The non-answer is that it follows the seven days of Sukkot. That doesn’t entitle it to be called the Eighth Day. There are several connections.
To find out why Simchat Torah is called the Eighth Day, we first need to understand what the Festival of Booths is all about. The Torah tells us that the Festival of Booths comes to remind us of the 40 years that we lived in tents in the desert after our Exodus from Egypt. This desert trek stands for:
- Being provided for (Manna). The Festival of Tabernacles is also the Harvest Festival in which we show our gratitude.
- Being protected by G^d against all danger. By now living in huts, we show that we only trust in G^d’s Supervision and Protection.
- Being freed to Learn Torah and build good character traits.
- Each of the three above gives happiness.

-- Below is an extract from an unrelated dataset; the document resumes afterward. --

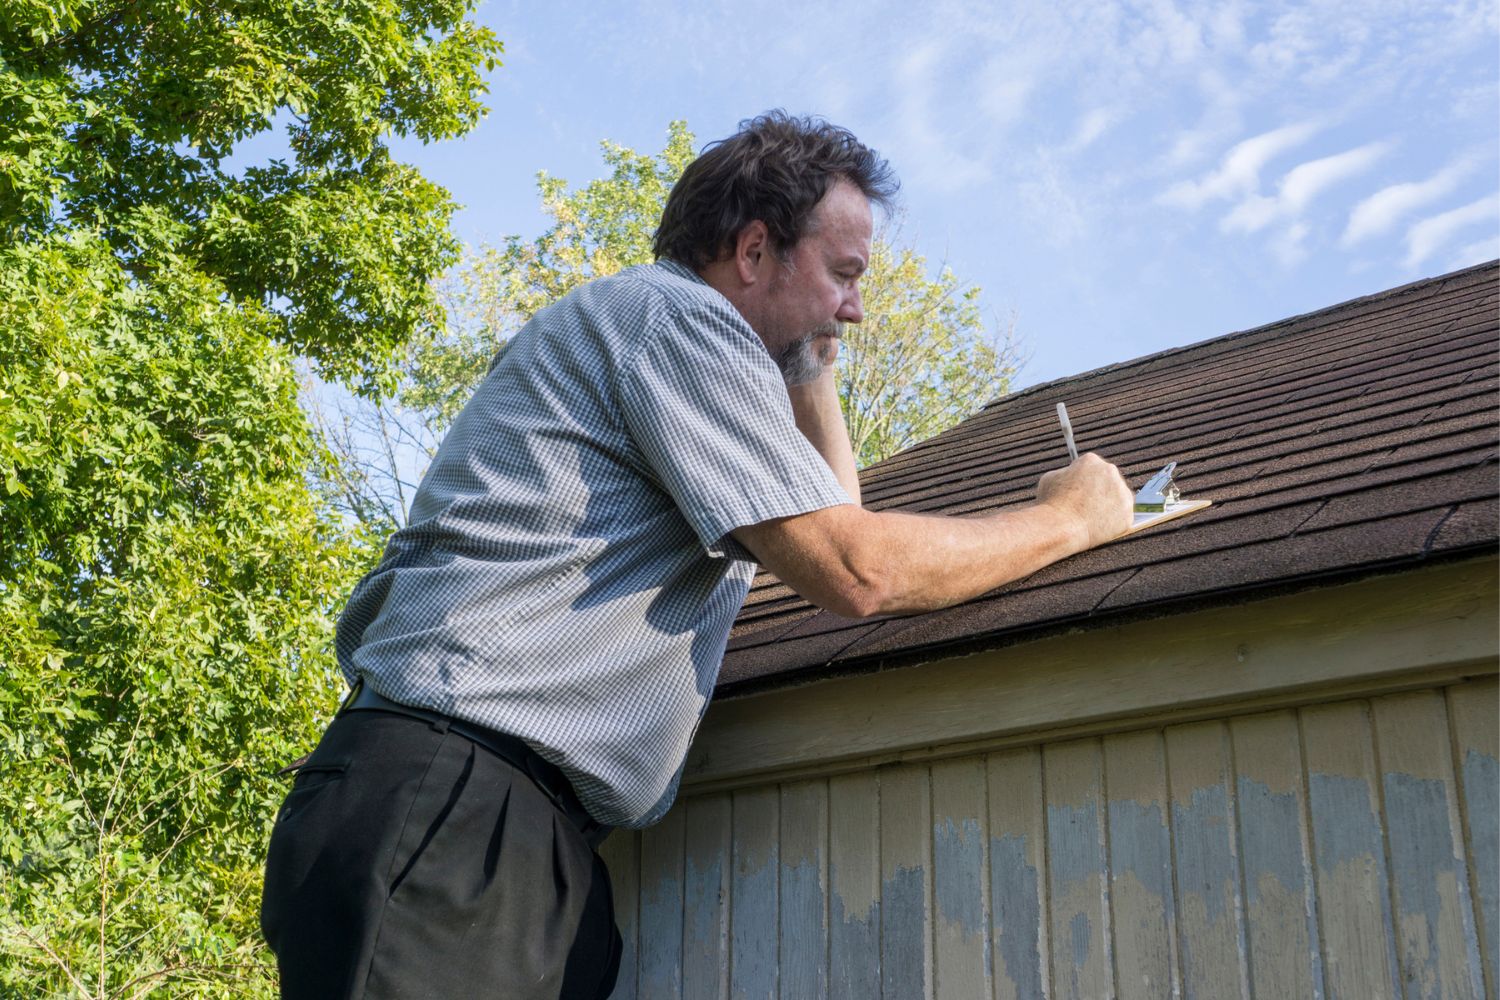 Roof Inspection Cost

Sukkot is also called the Time of Our Happiness.
After the Feast of Tabernacles, how to take it into the rest of the year? Food is covered. Then, how to recreate our trust and happiness? By being happy with the Torah. Simchat Torah is the 365/24 message of Sukkot.

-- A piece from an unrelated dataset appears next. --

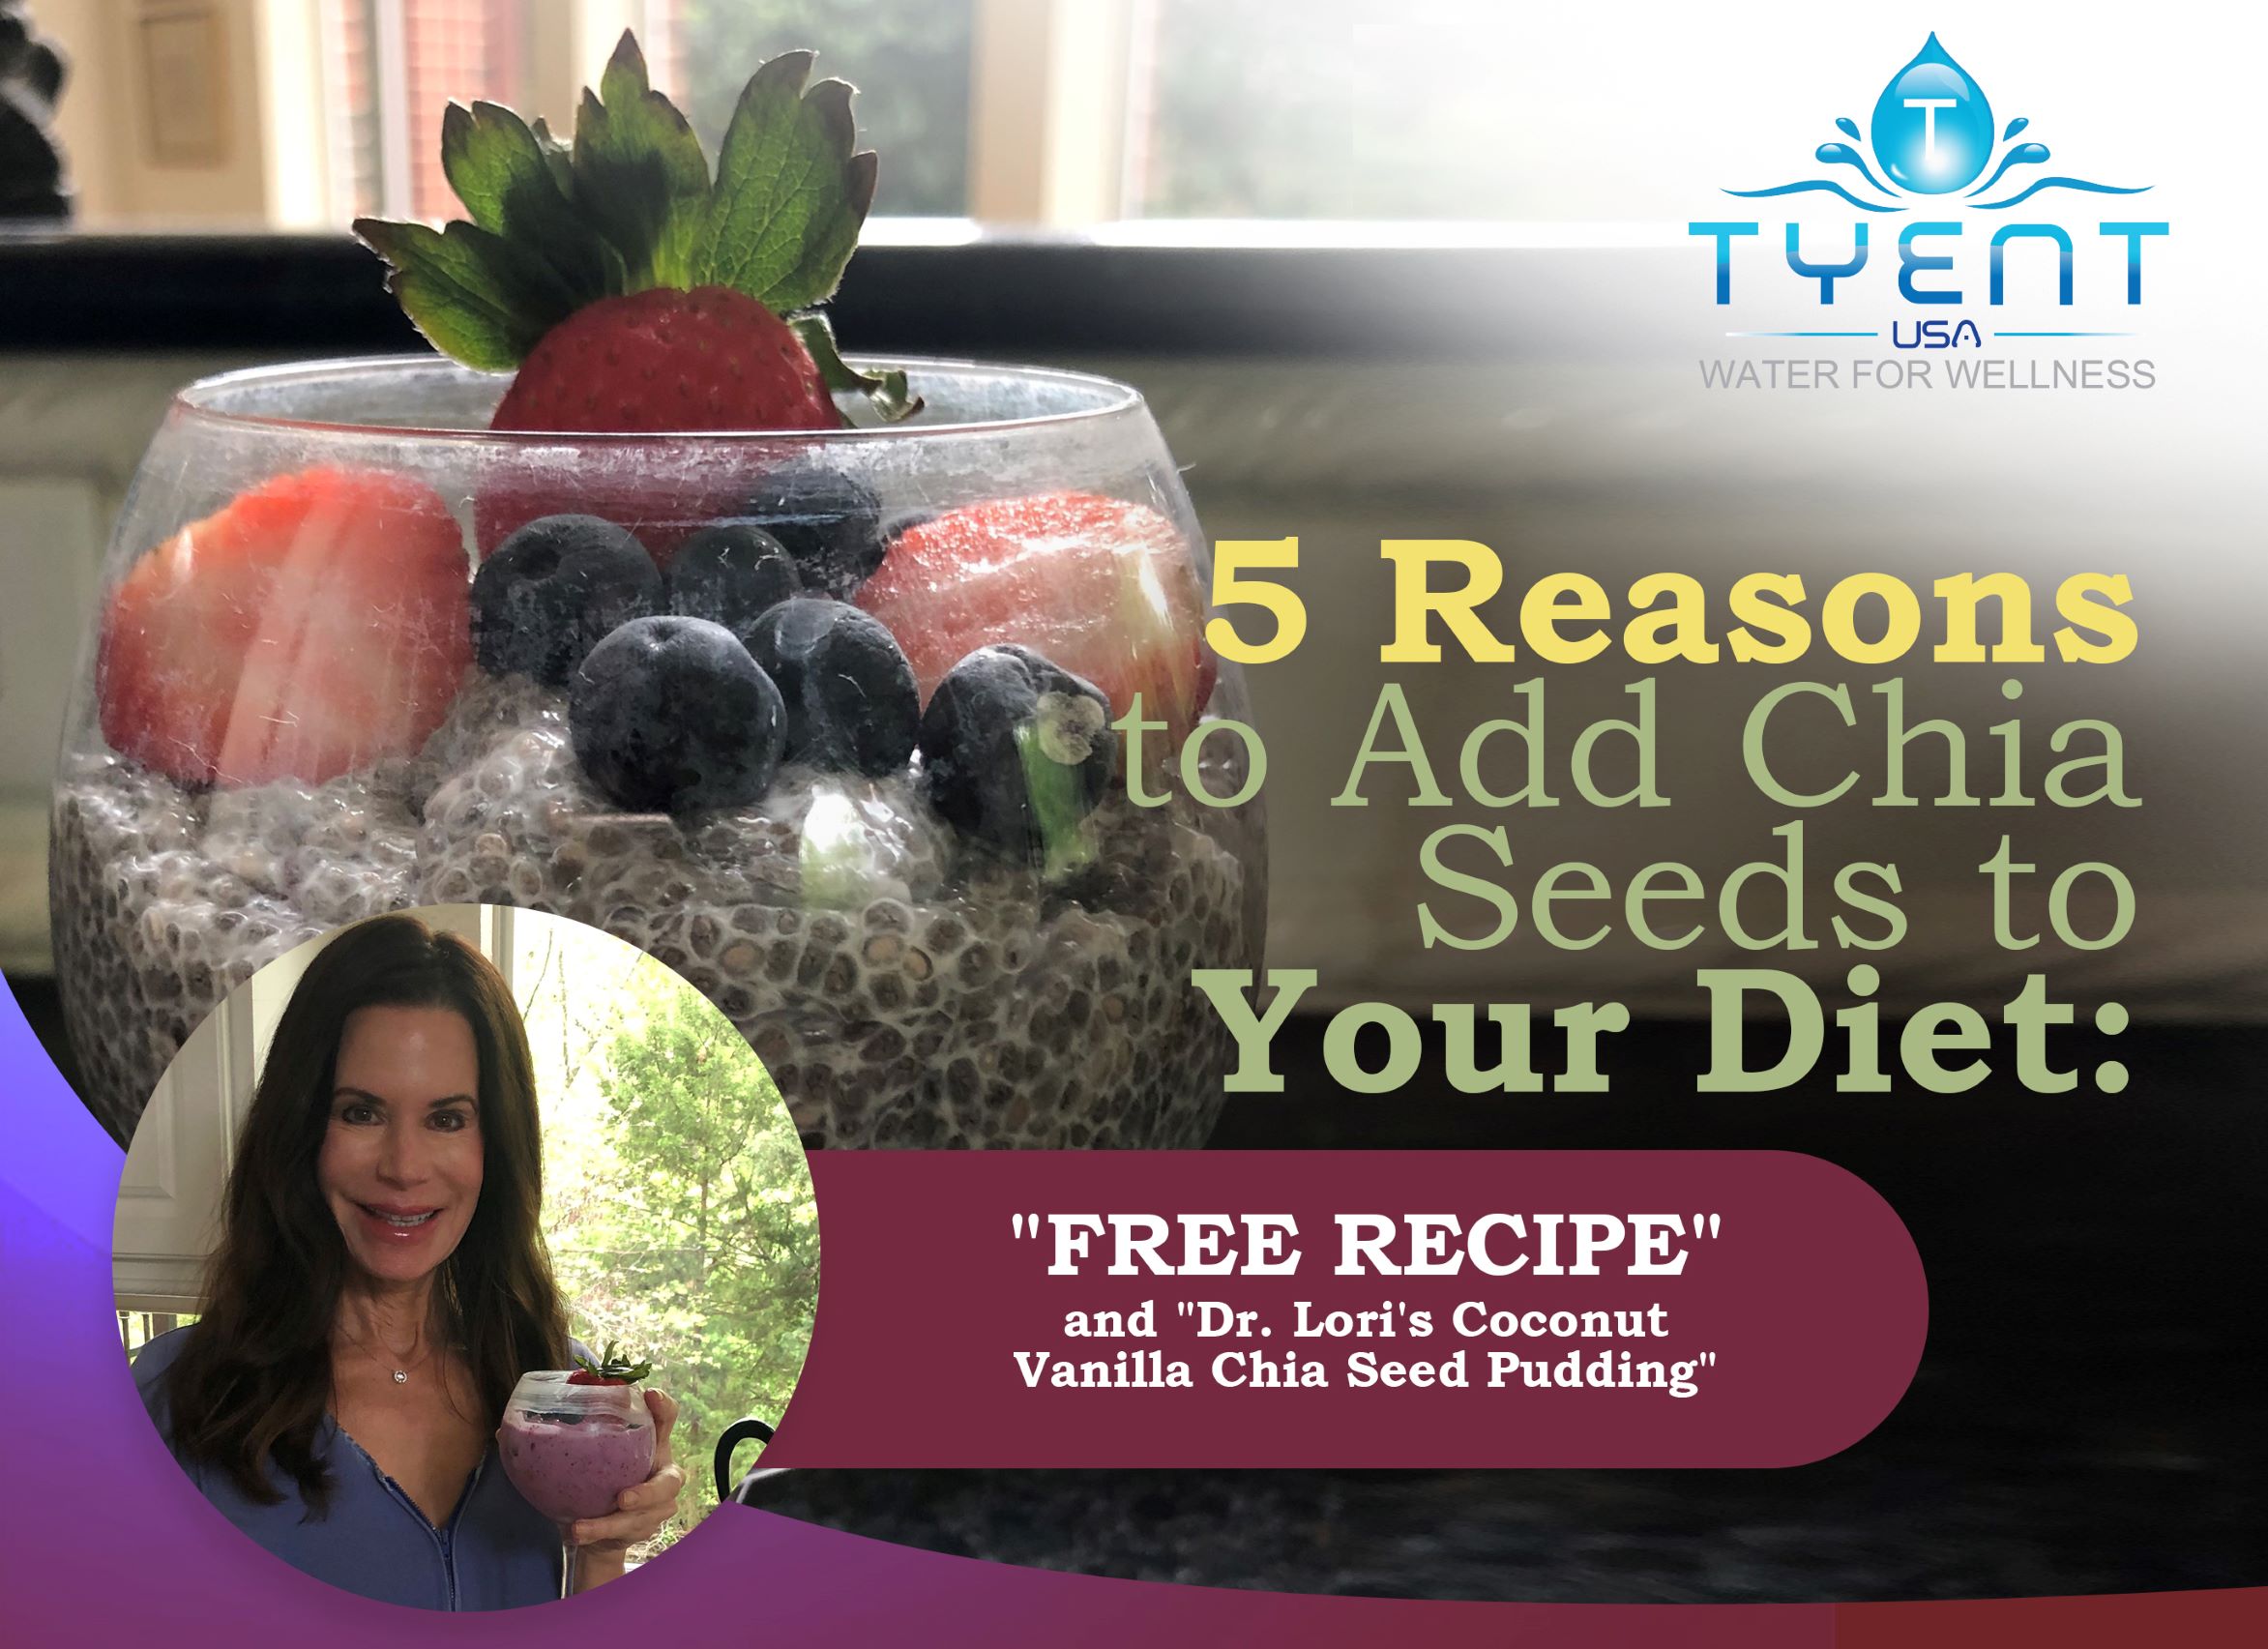 5 Reasons to Add Chia Seeds to Your Diet

On a funny note: We read from the second Torah scroll the Creation Story, ending in what we say in the Friday night Kiddush, that G^d ceased work on the seventh day. The Rabbis teach us that G^d also keeps the Torah. The first line of the ensuing third scroll tells us we should not work on the eighth day. Don’t think that G^d discontinued working on Shabbat and then, on the eighth day, returned to creating the world. The Six Days of Creation was a one-time event. Ever since it’s only a little touching up.

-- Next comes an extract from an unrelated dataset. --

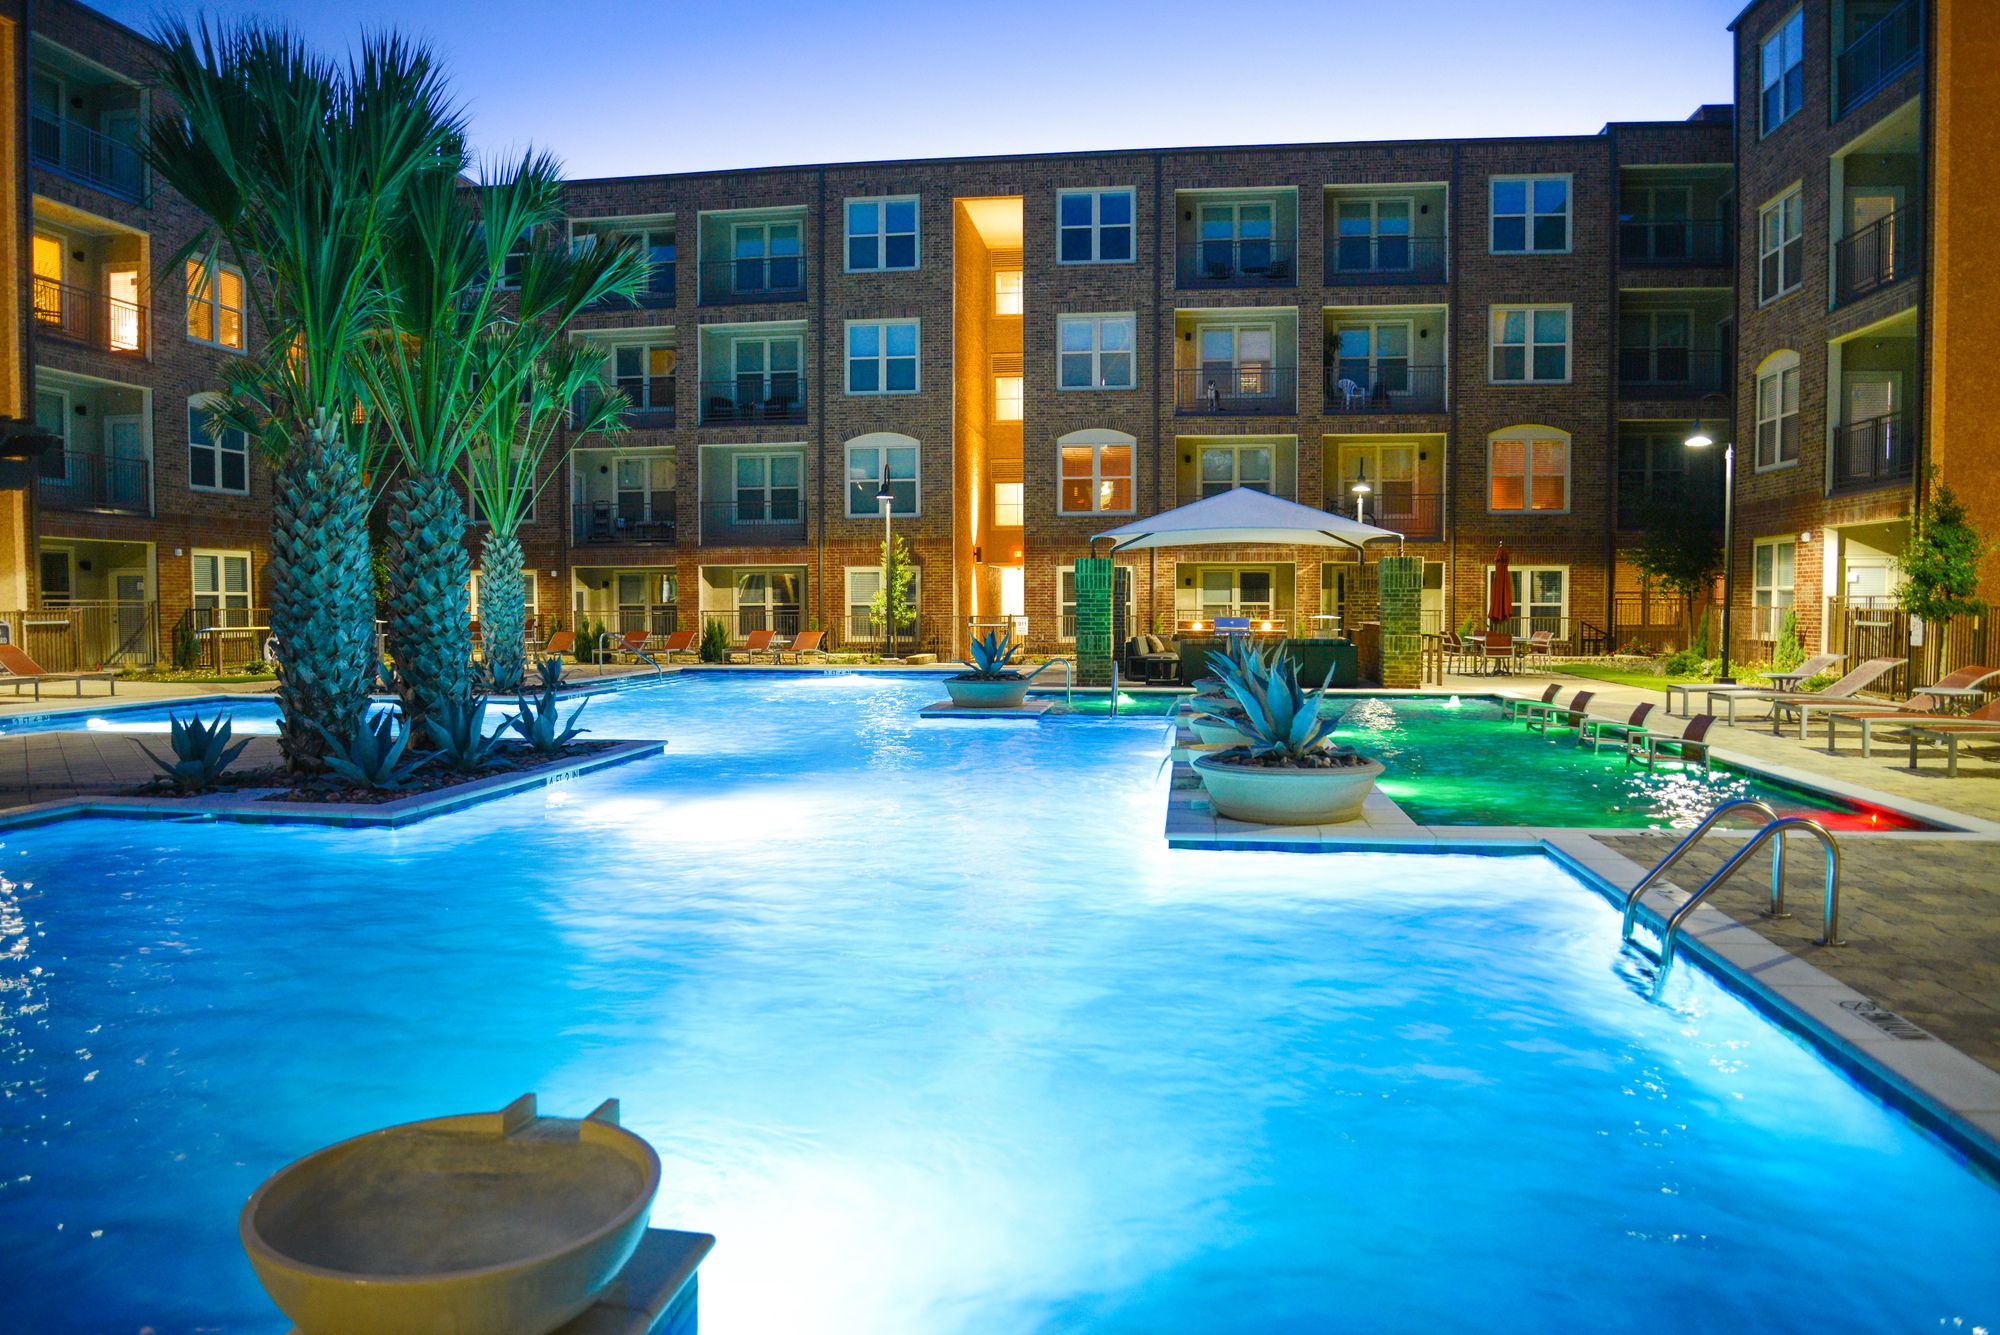 Resort-style pool with colorful accent lighting and palm trees

At the end of the Torah, we read that no person knows where Moses’ grave is until this day. We know the Torah doesn’t use superfluous words. Then, why does it say ‘person’? Why not say that it’s not known? And why doesn’t it say it’s already not known? Why ‘until this day’?
We read that Moses’ grave was opposite Beit Peor (Deuteronomy 34:6), opposite Baal Peor, where the Jewish People sinned (Talmud, Sotah 14a) by connecting to the Idol Baal Peor (Numbers 25:3-5). Each year, when that date comes around, the Idol rises to prosecute and insult the Jews. But then, it sees Moses’ grave and sinks into the ground until its nose and stays silent (Tosafot to Sotah 14a). No person knows, but an idol does; not forever, but only until this day, when it rediscovers it, year after year.